Task to complete: Repeat every line of the data exactly; no picture belongs in the copy.

Raw data:

+++

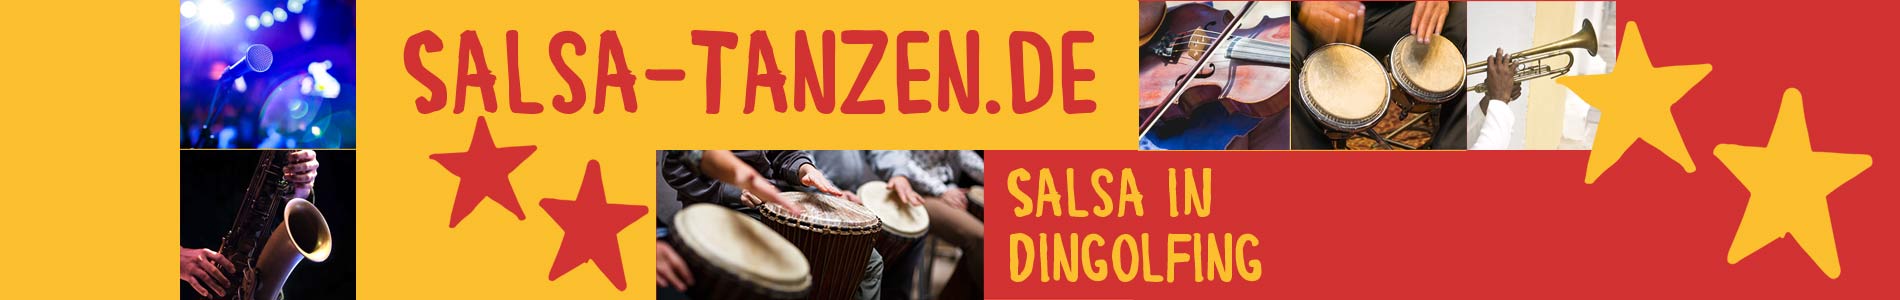 Salsa in Dingolfing – Salsa lernen und tanzen, Tanzkurse, Partys, Veranstaltungen
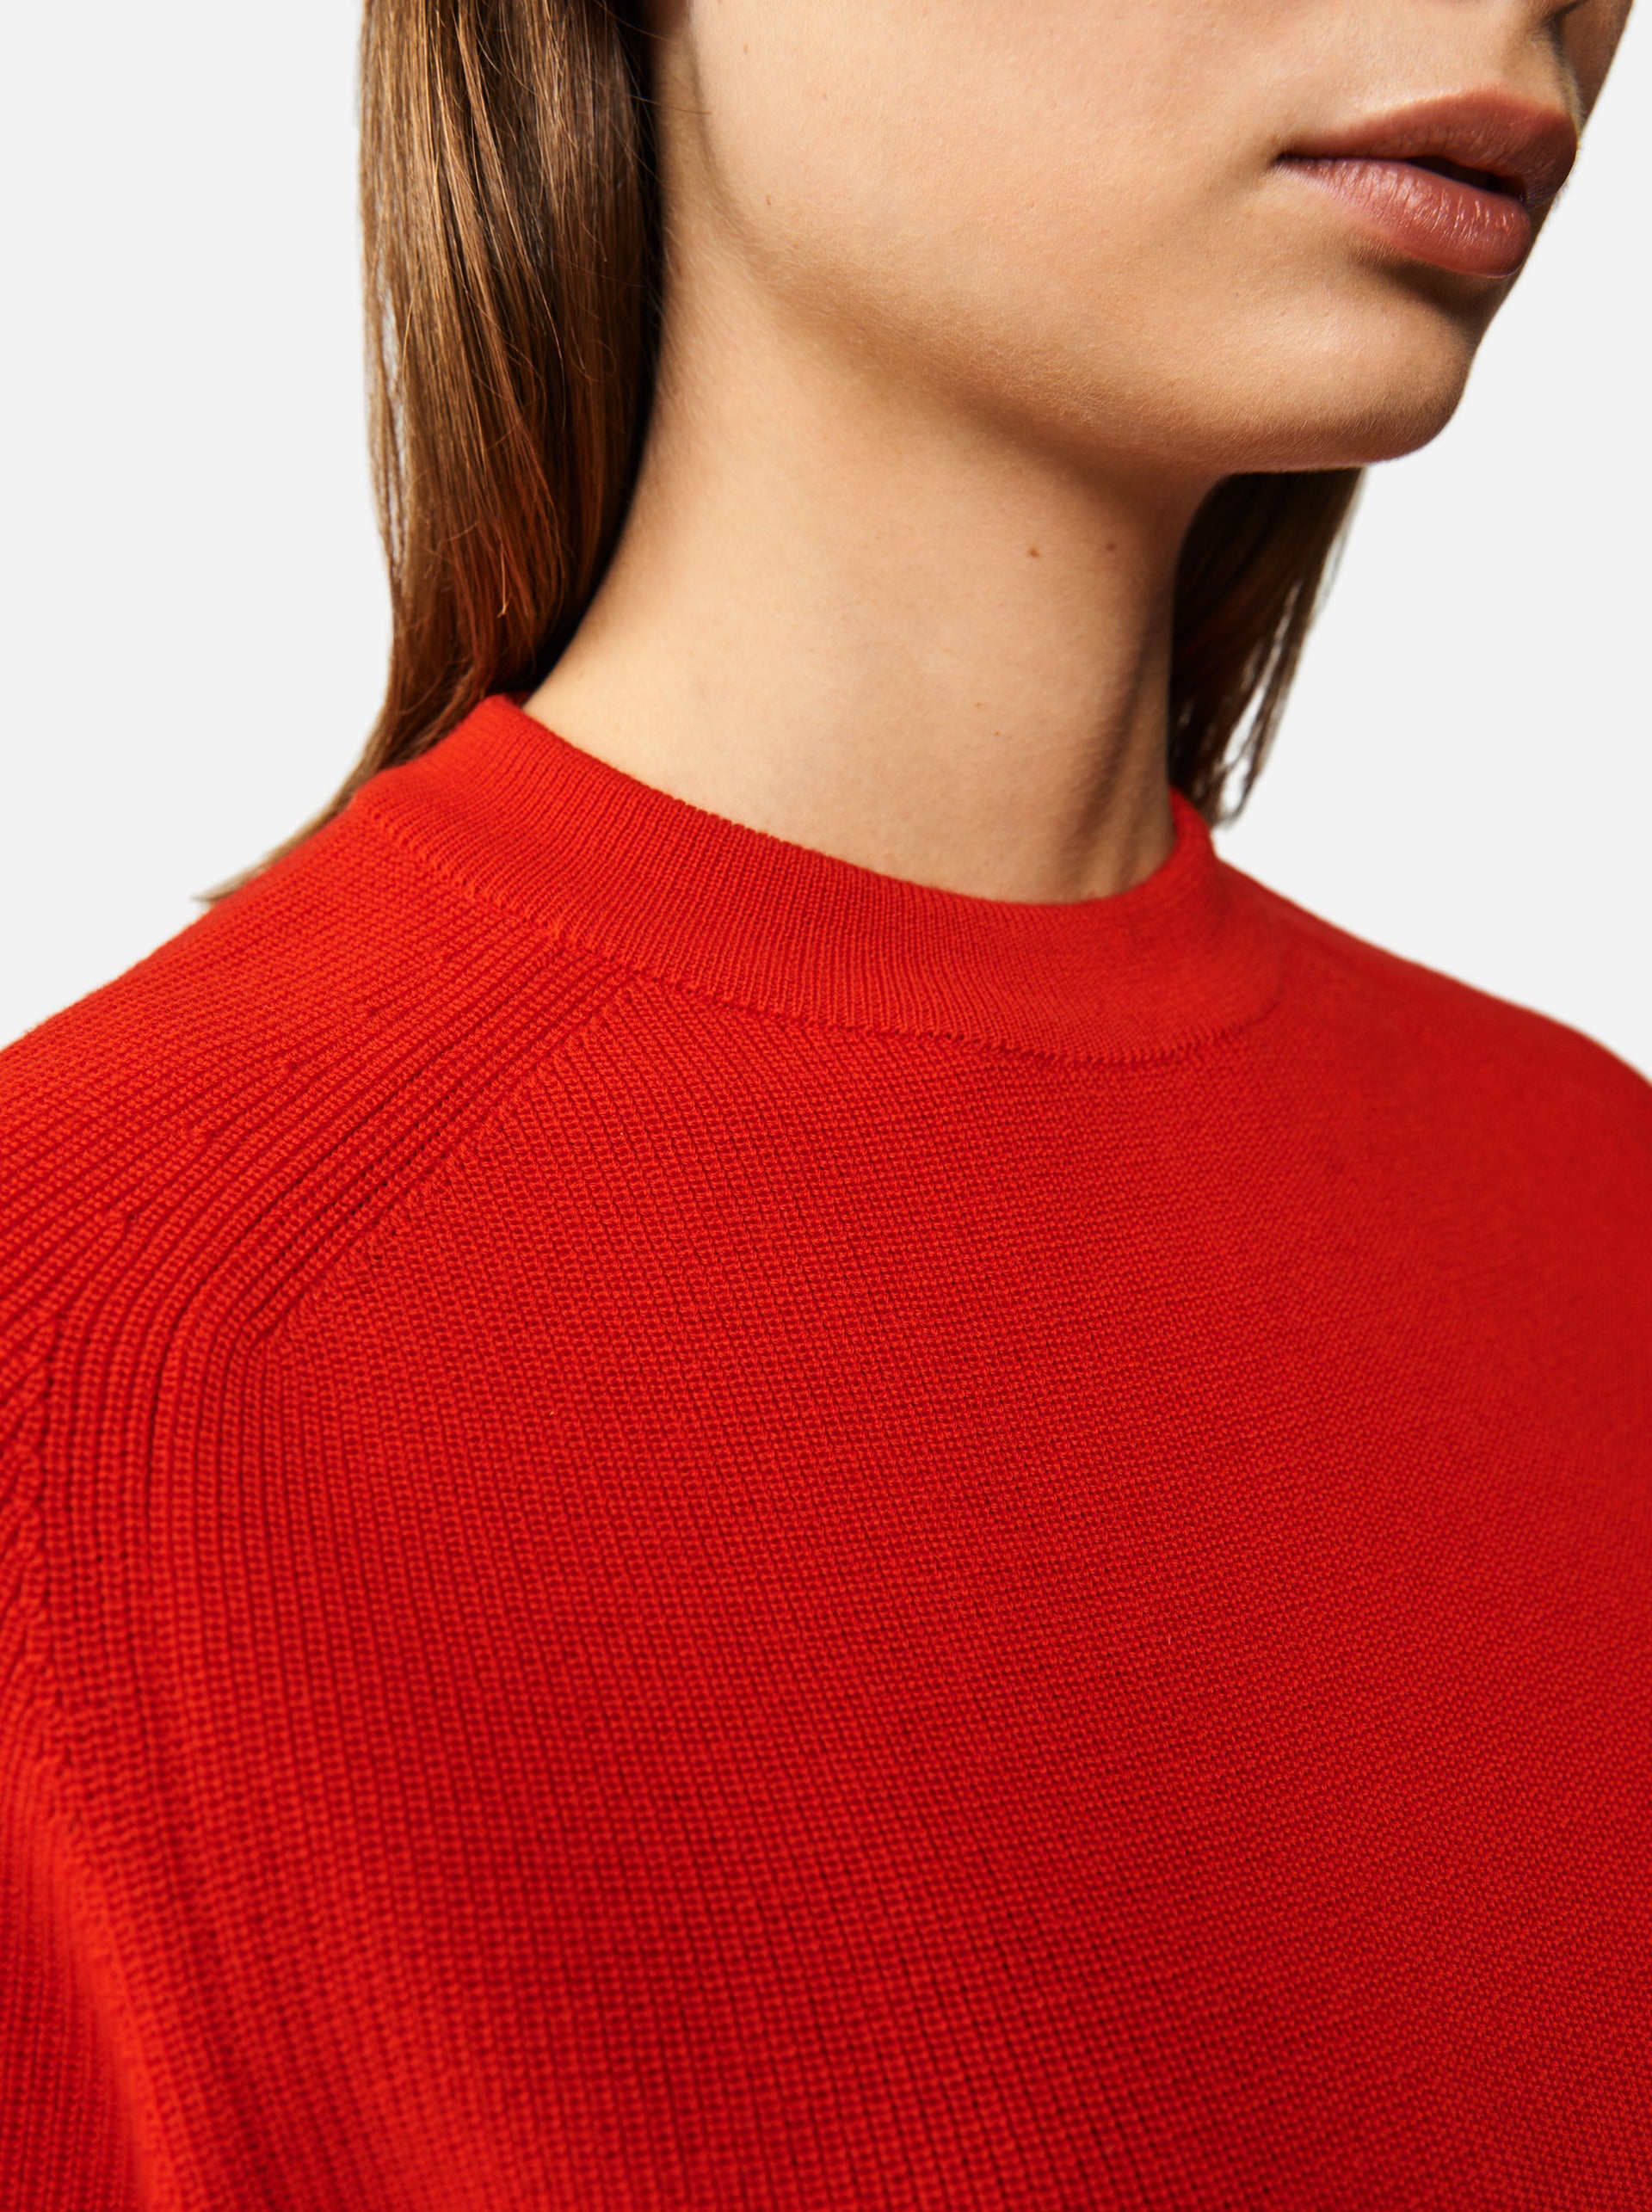 Teym • The Merino Sweater for women • Crewneck • Red • 100% Merino wool
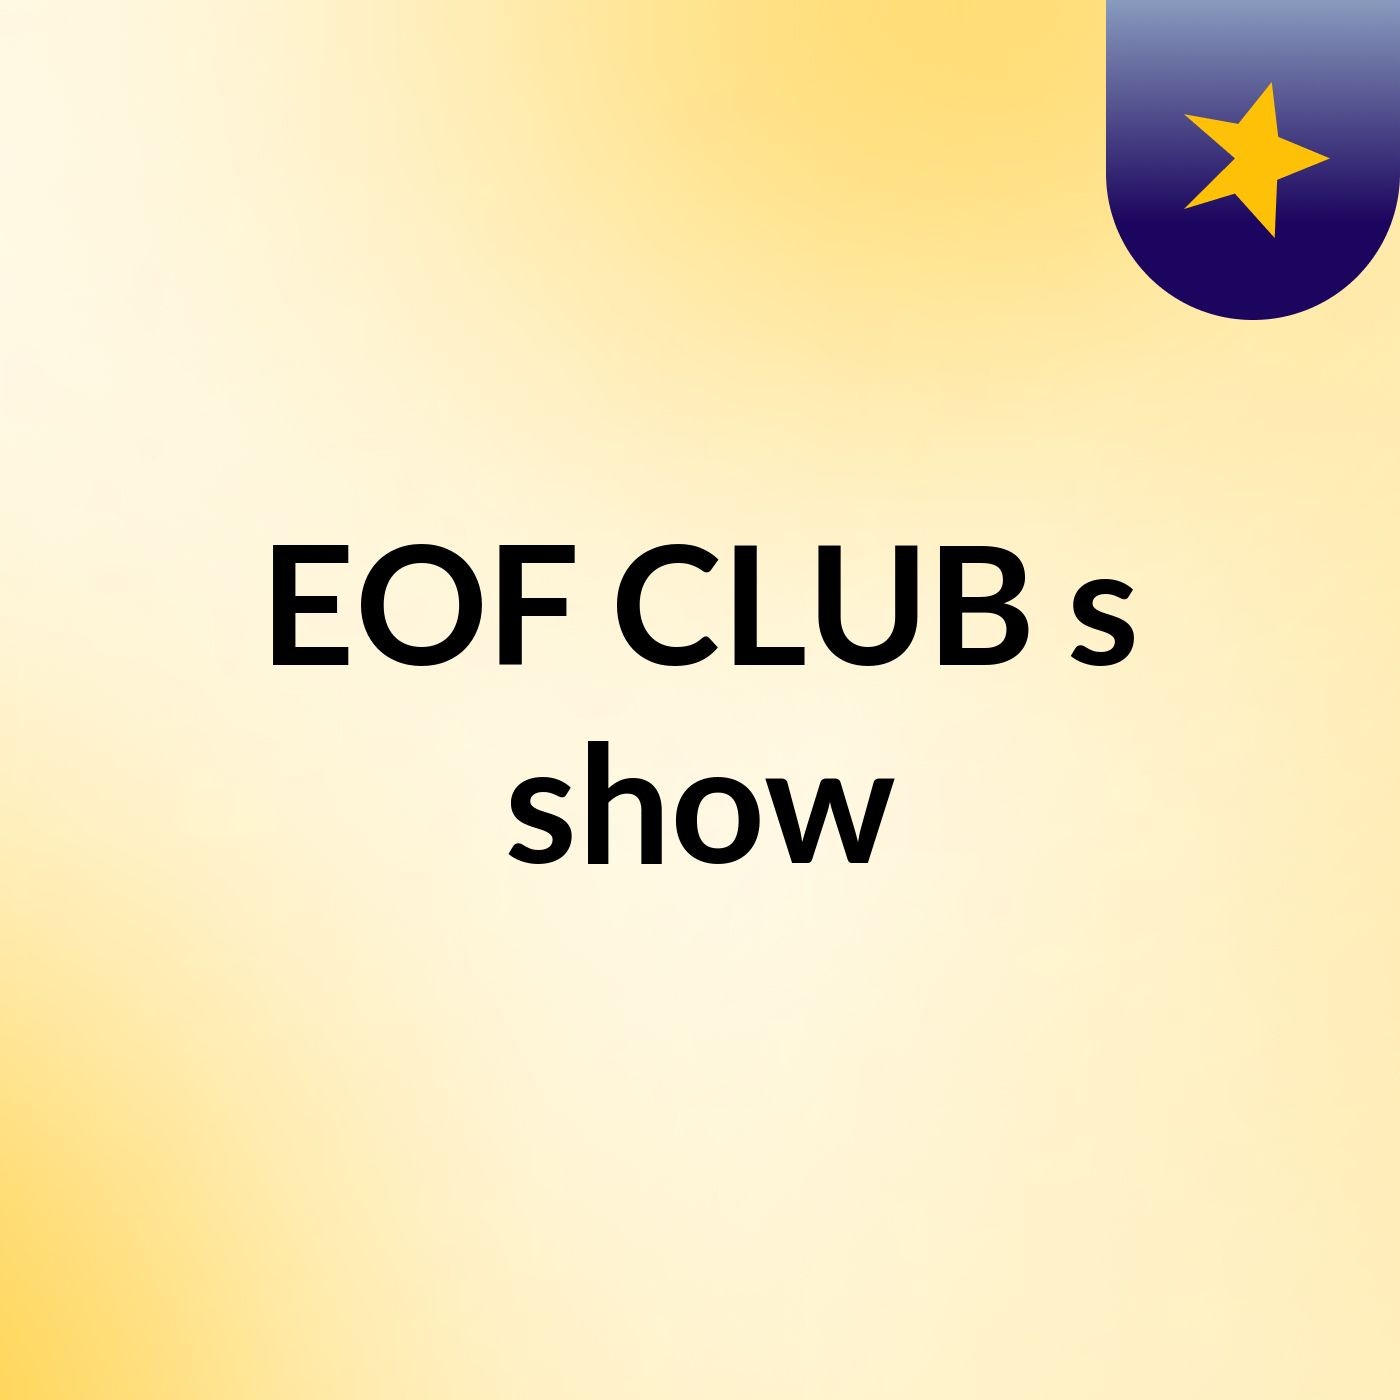 EOF CLUB's show

+++

Final answer:
 Salsa in Dingolfing – Salsa lernen und tanzen, Tanzkurse, Partys, Veranstaltungen
 Teym • The Merino Sweater for women • Crewneck • Red • 100% Merino wool
 EOF CLUB's show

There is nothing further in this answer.